Les faisceaux moyens et inférieurs plaquent les muscles sous-jacents et sont stabilisateurs thoraco-scapulaires.

Innervation

Le muscle trapèze reçoit une double innervation.

L’innervation principale motrice est assurée par le Nerf spinal accessoire ou XIème nerf crânien.

Ce nerf, uniquement moteur, possède deux noyaux d’origine au sein du névraxe. L’un est bulbaire, l’autre est médullaire. C’est ce noyau, étendu de C1 à C6 dans les cornes latérales de la substance grise de la Moëlle cervicale qui va donner les racines du nerf spinal médullaire par 5 ou 6 radicules. Elles émergent du cordon latéral de la moëlle en avant des racines postérieures.

La racine spinale médullaire monte dans le canal rachidien entre les racines postérieures de la Moëlle cervicale en arrière et le ligament dentelé en avant et il passe ensuite dans la Fosse cérébrale postérieure après avoir traversé le Foramen Magnum.

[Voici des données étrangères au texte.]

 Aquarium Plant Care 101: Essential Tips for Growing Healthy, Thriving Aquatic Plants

Ici, la racine fusionne avec la racine spinale bulbaire en provenance du tronc cérébral pour constitué le Nerf Spinal Accessoire proprement dit avant de traverser le Foramen Jugulaire (anc. Trou déchiré postérieur) et rejoindre l’Espace Rétrostylien.

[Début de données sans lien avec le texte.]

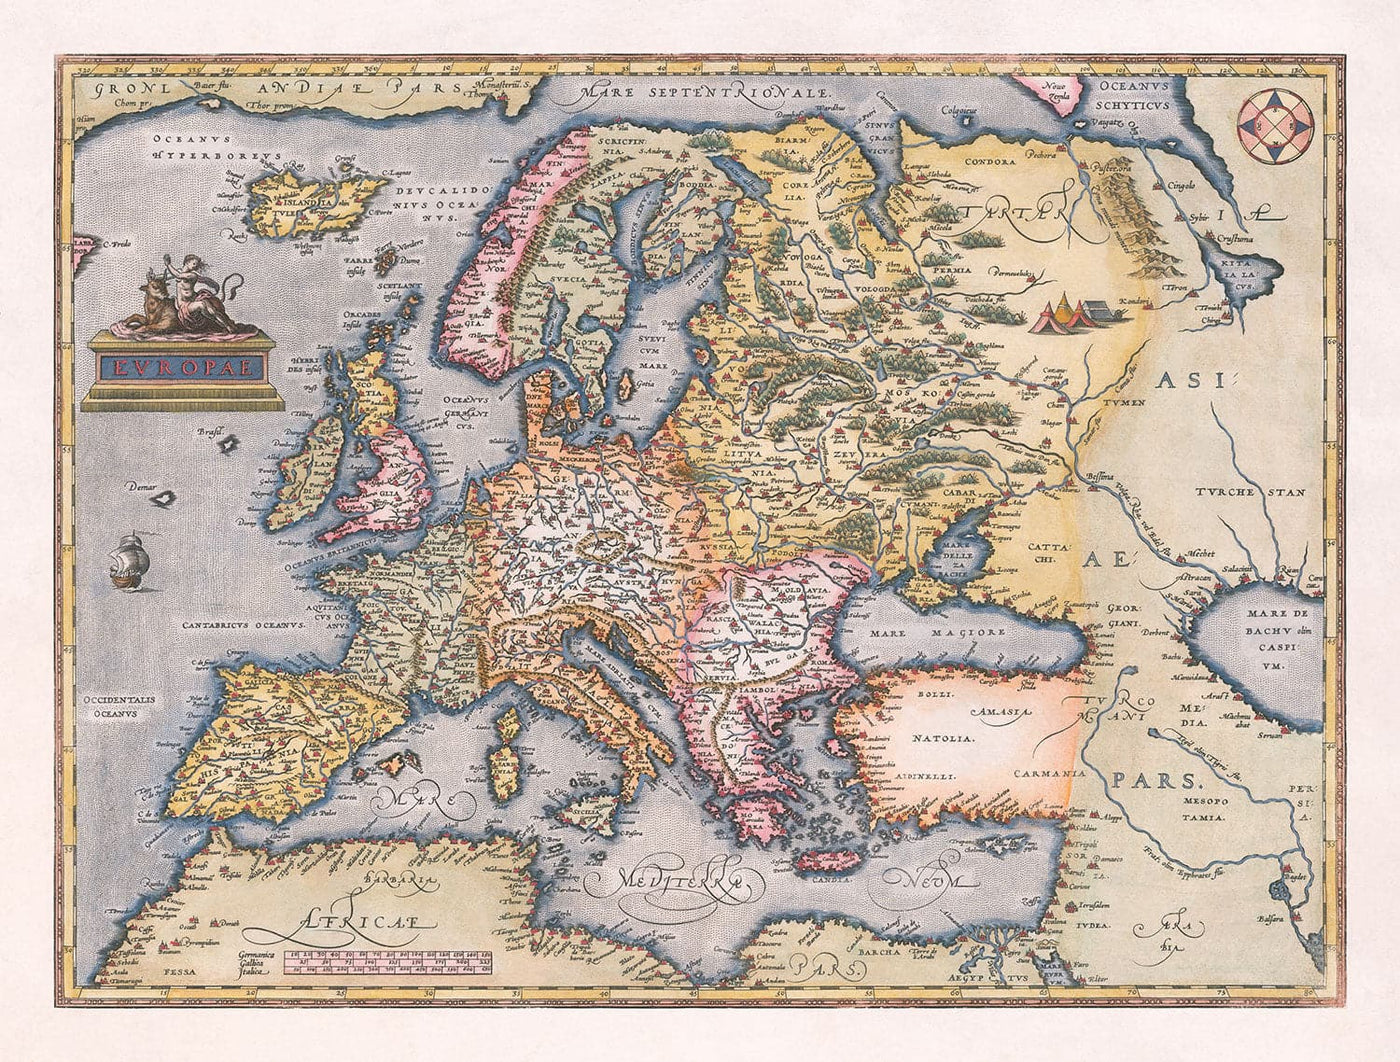 Mapa antiguo de Europa, 1570 - El primer atlas europeo - de Abraham Ortelius

C’est dans cet espace que le Nerf spinal accessoire se divise en deux branches latérale et médiale. La branche médiale, contenant les fibres bulbaires rejoint le Xème nerf crânien pour participer à l’innervation motrice du larynx et du pharynx.

La branche latérale constitue le nerf spinal médullaire et va cheminer obliquement vers le bas et l’arrière, traverser le muscle Sterno-cléido-mastoïdien (SCM) et rejoindre la région du creux sus-claviculaire où il se divisera en deux branches terminales : le nerf du muscle SCM et le nerf du muscle trapèze.

Ce dernier va cheminer à la face profonde du muscle.

Le muscle trapèze, comme le muscle SCM possède également une innervation accessoire en provenance des 2ème, 3ème et 4ème nerfs cervicaux. Si certains auteurs considèrent que cette innervation est d’ordre proprioceptive, Lazorthes avance que la section du spinal médullaire entraîne peu de troubles sur les 2 muscles, ce qui peut laisser penser que des fibres motrices passent aussi par le plexus cervical. Comme nous le verrons dans la vidéo suivante, en abordant l’anatomie pathologique du muscle, il semble hélas que l’atteinte du nerf spinal médullaire ait des conséquences funestes sur le muscle et nécessite une intervention chirurgicale fréquente pour préserver la fonction des muscles trapèze et SCM. Les branches cervicales en provenance de C3 et C4 pour le muscle trapèze, rejoignent rapidement le nerf du trapèze et vont cheminer à la face profonde de ce muscle en compagnie des artère et veine cervicales superficielles. On peut ainsi considérer qu’il existe un pédicule vasculo-nerveux du trapèze.